Top of RECORDED DATA

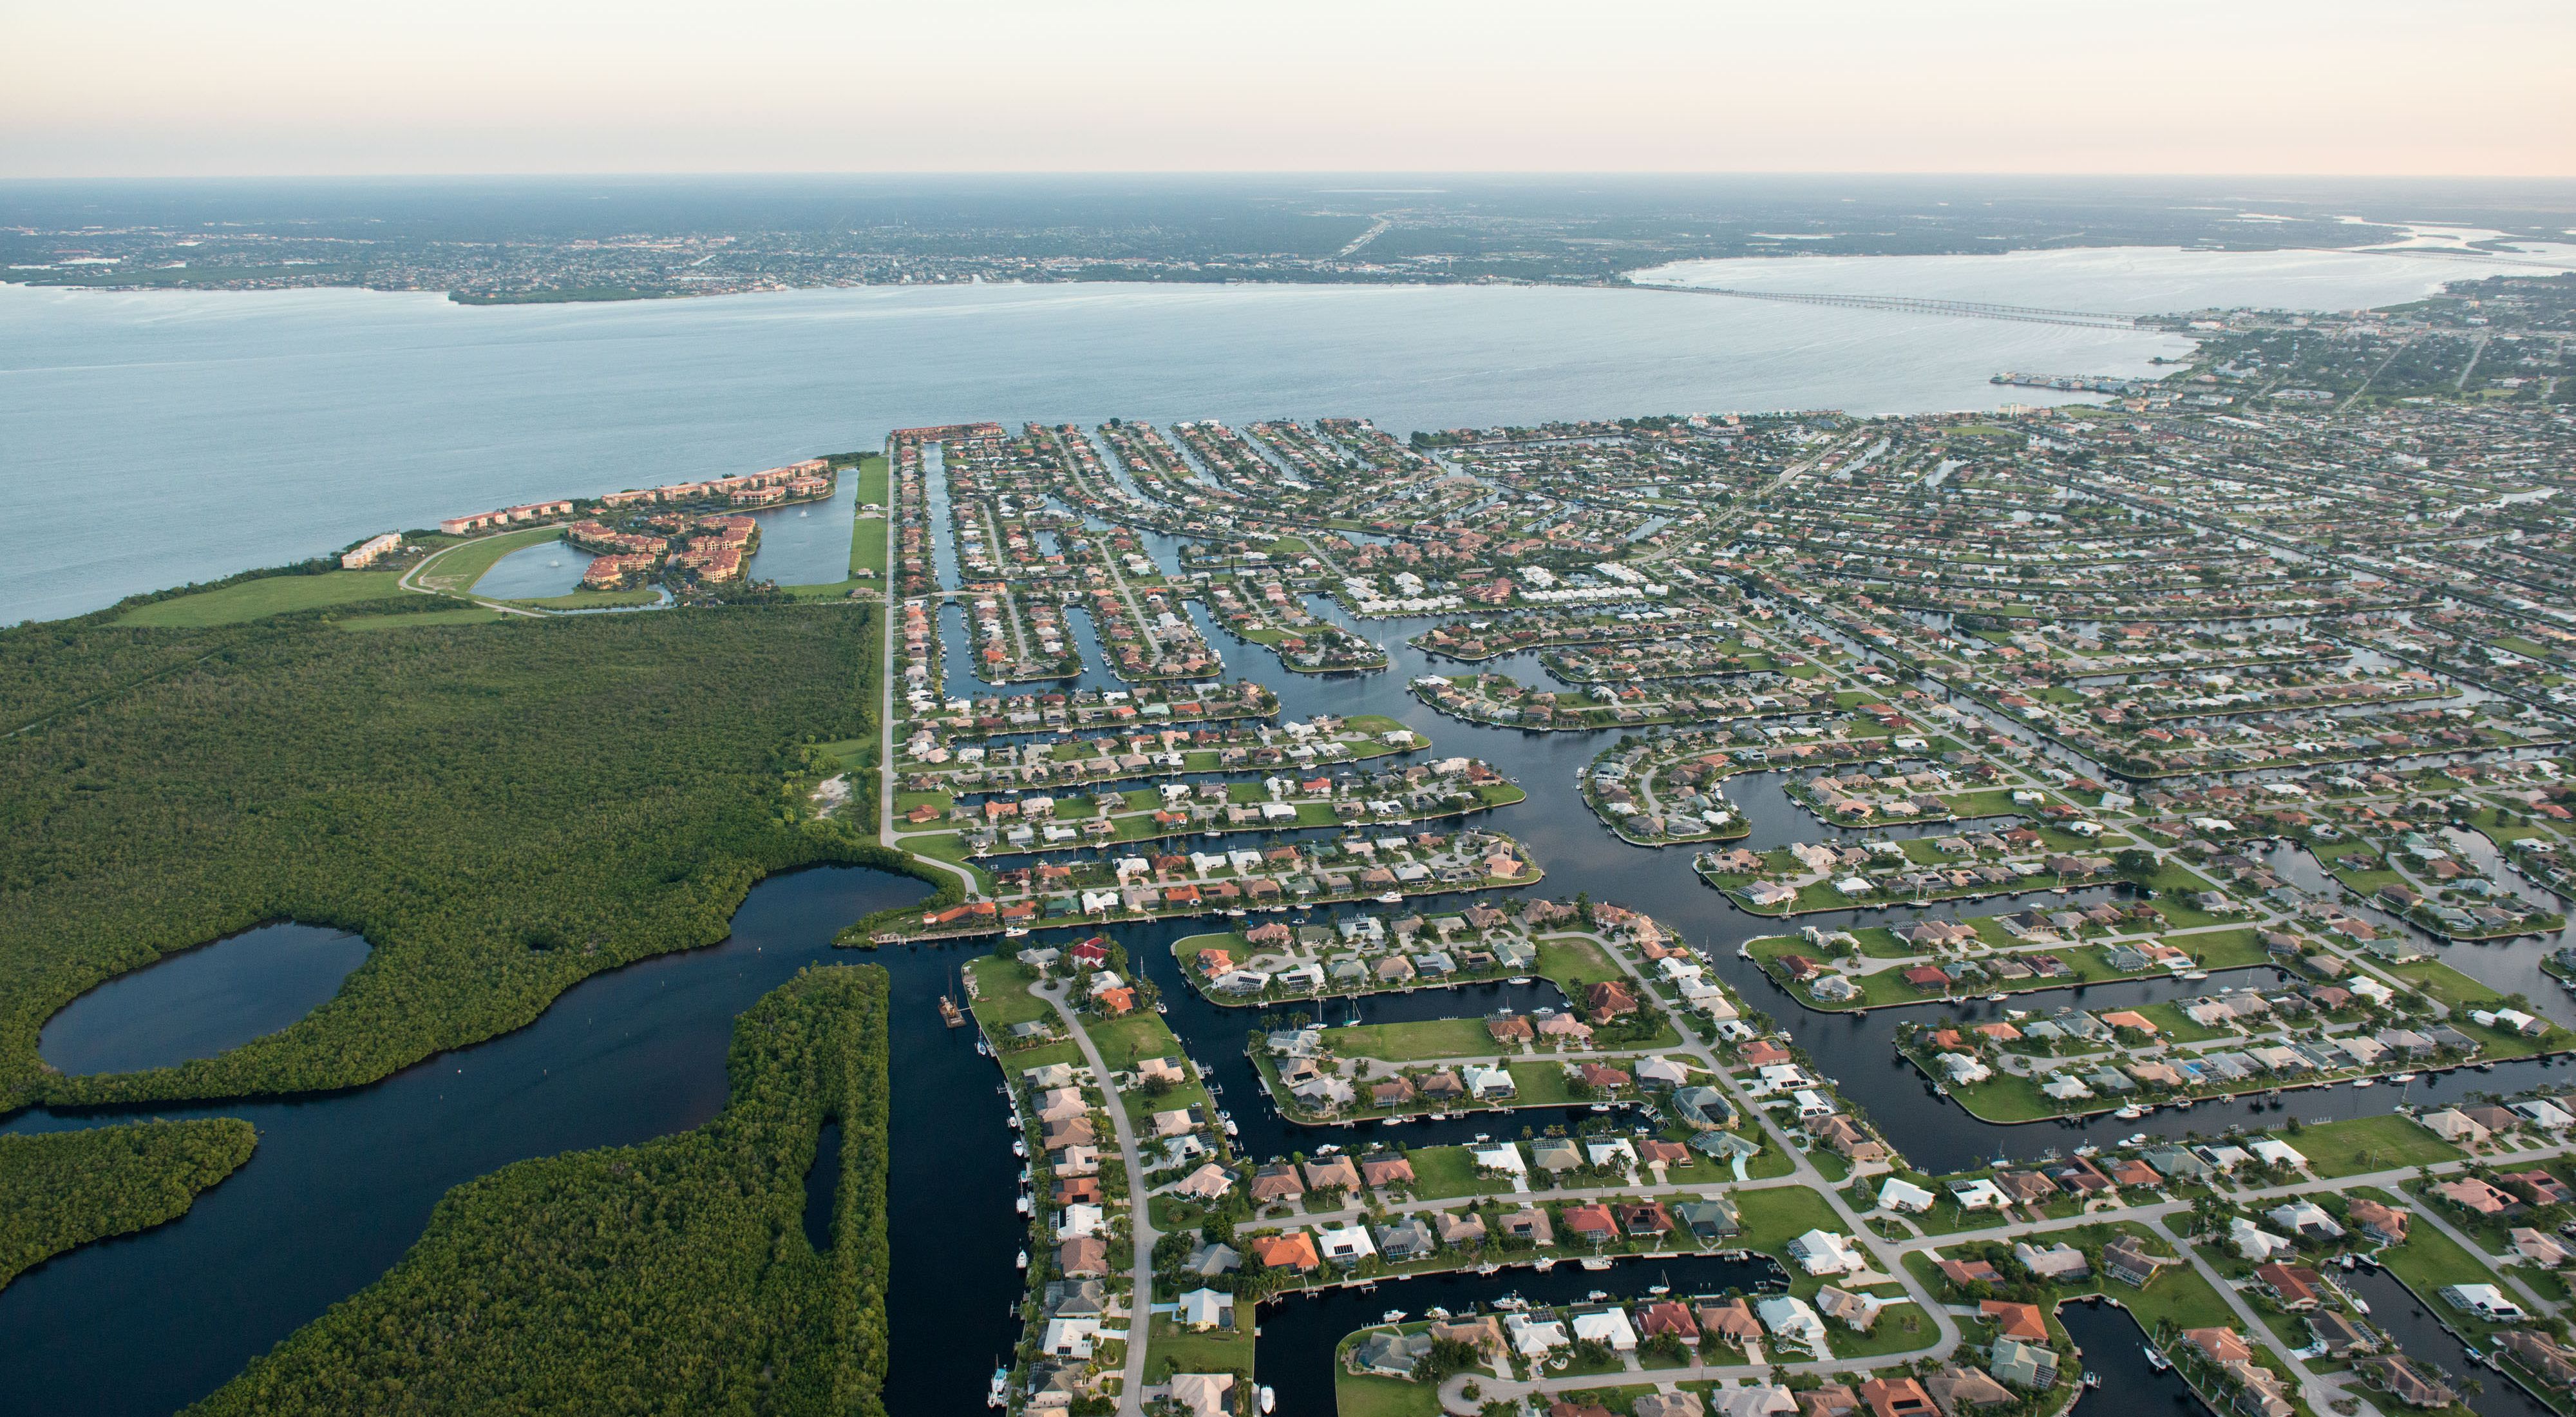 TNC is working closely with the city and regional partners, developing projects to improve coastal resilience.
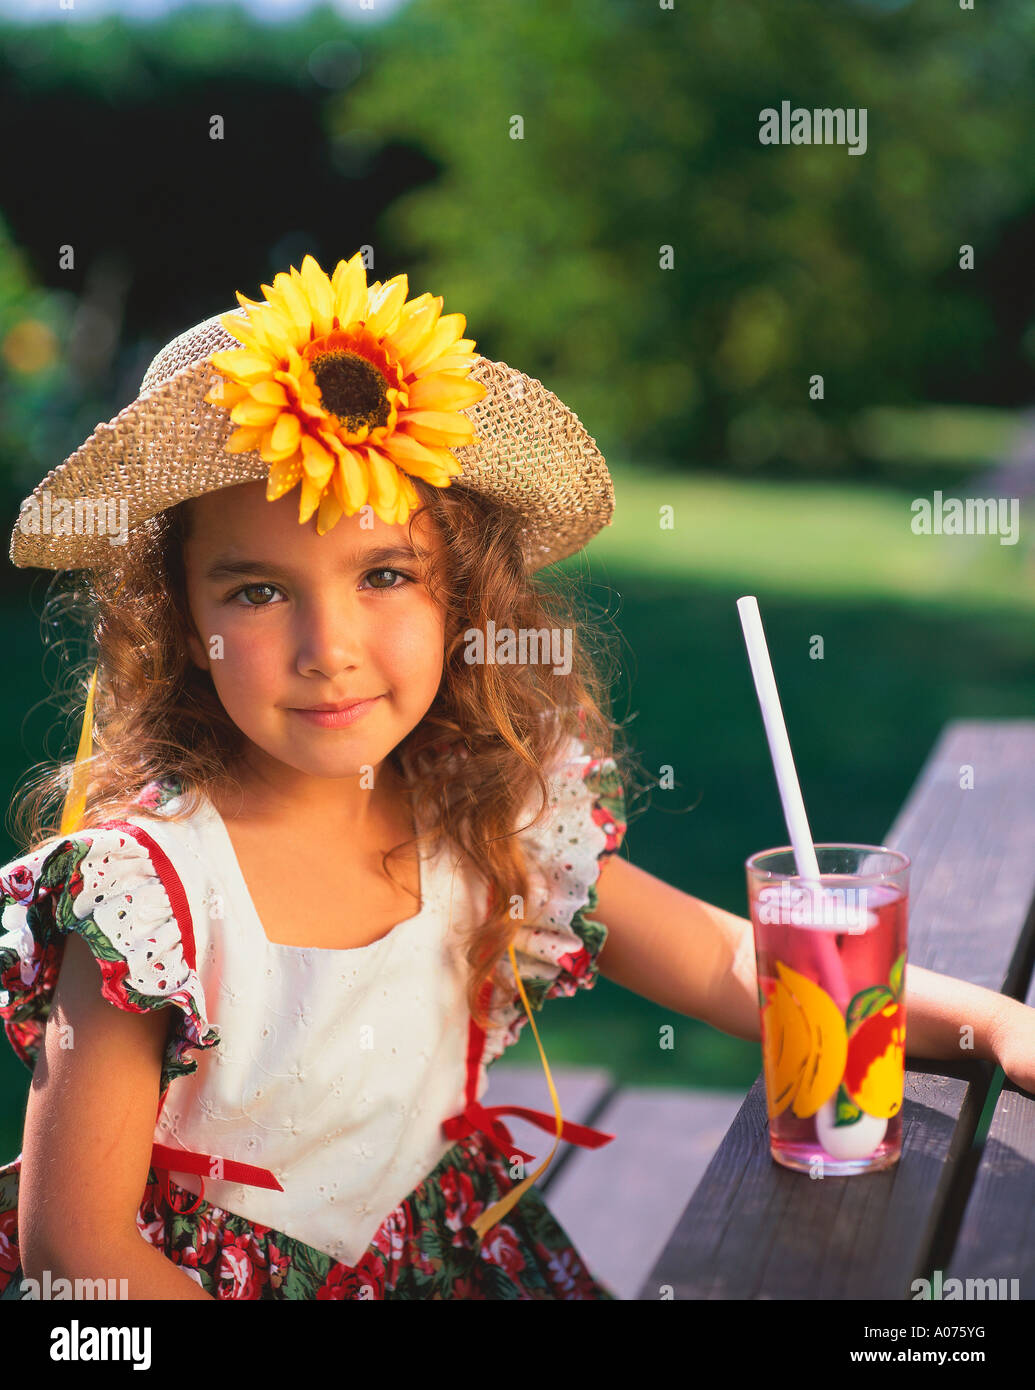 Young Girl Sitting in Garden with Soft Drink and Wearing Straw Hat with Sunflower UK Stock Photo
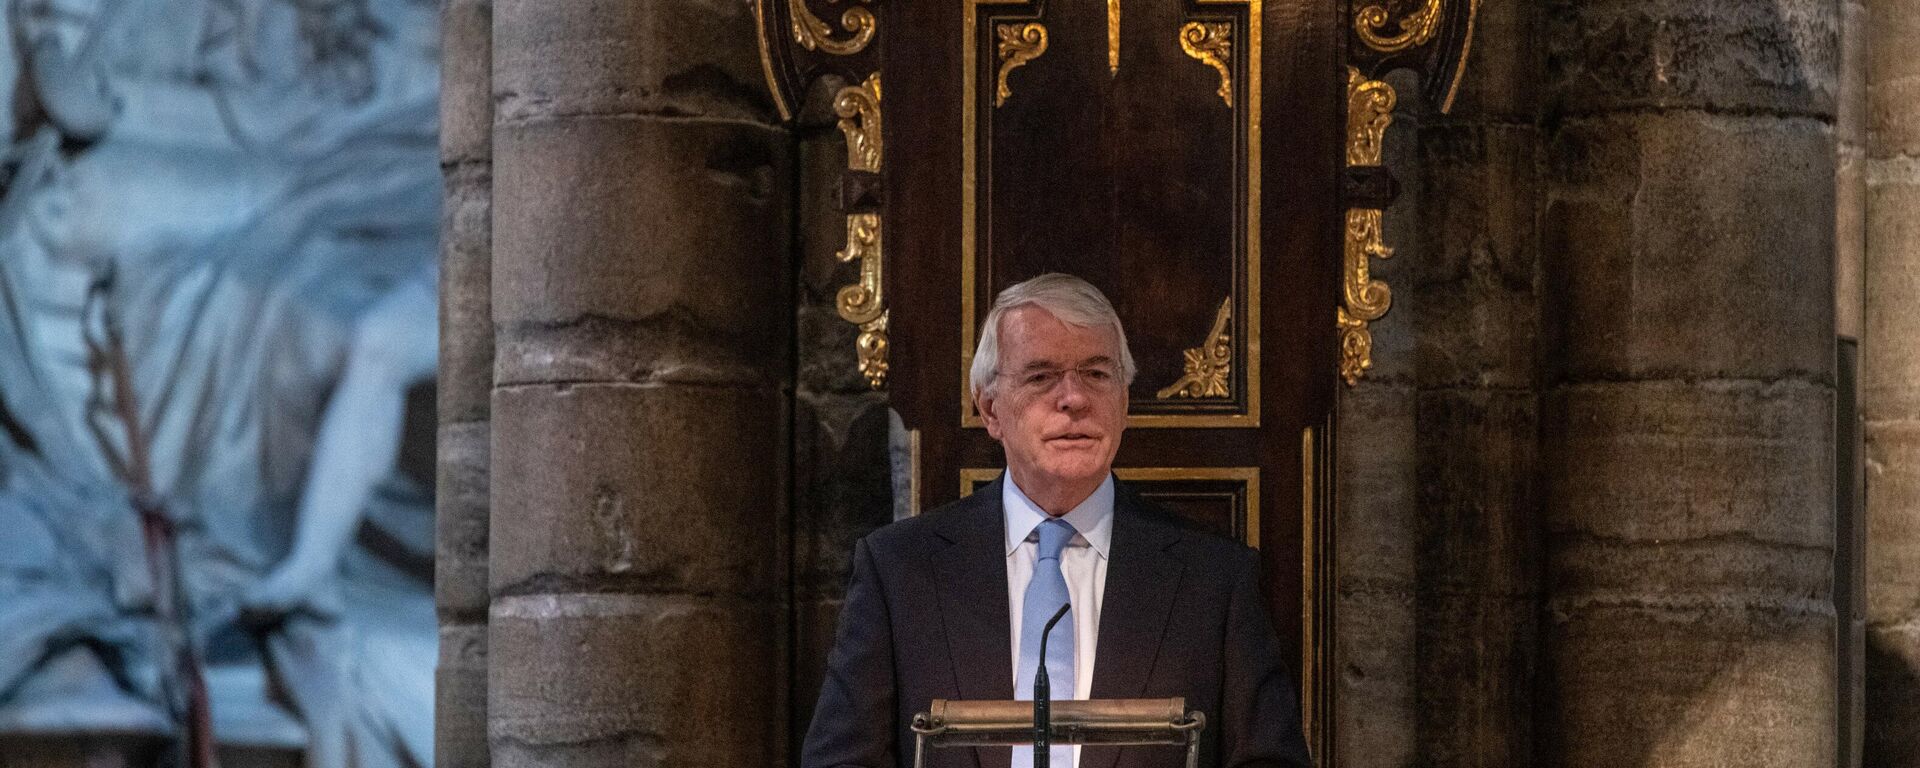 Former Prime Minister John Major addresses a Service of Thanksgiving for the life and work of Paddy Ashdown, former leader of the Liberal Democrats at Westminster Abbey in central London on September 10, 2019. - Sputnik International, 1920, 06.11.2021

Bottom of RECORDED DATA

TASK TO COMPLETE
Restate the material above exactly. Exclude all pictures.

EXERCISE RESPONSE
 TNC is working closely with the city and regional partners, developing projects to improve coastal resilience.
 Young Girl Sitting in Garden with Soft Drink and Wearing Straw Hat with Sunflower UK Stock Photo
 Former Prime Minister John Major addresses a Service of Thanksgiving for the life and work of Paddy Ashdown, former leader of the Liberal Democrats at Westminster Abbey in central London on September 10, 2019. - Sputnik International, 1920, 06.11.2021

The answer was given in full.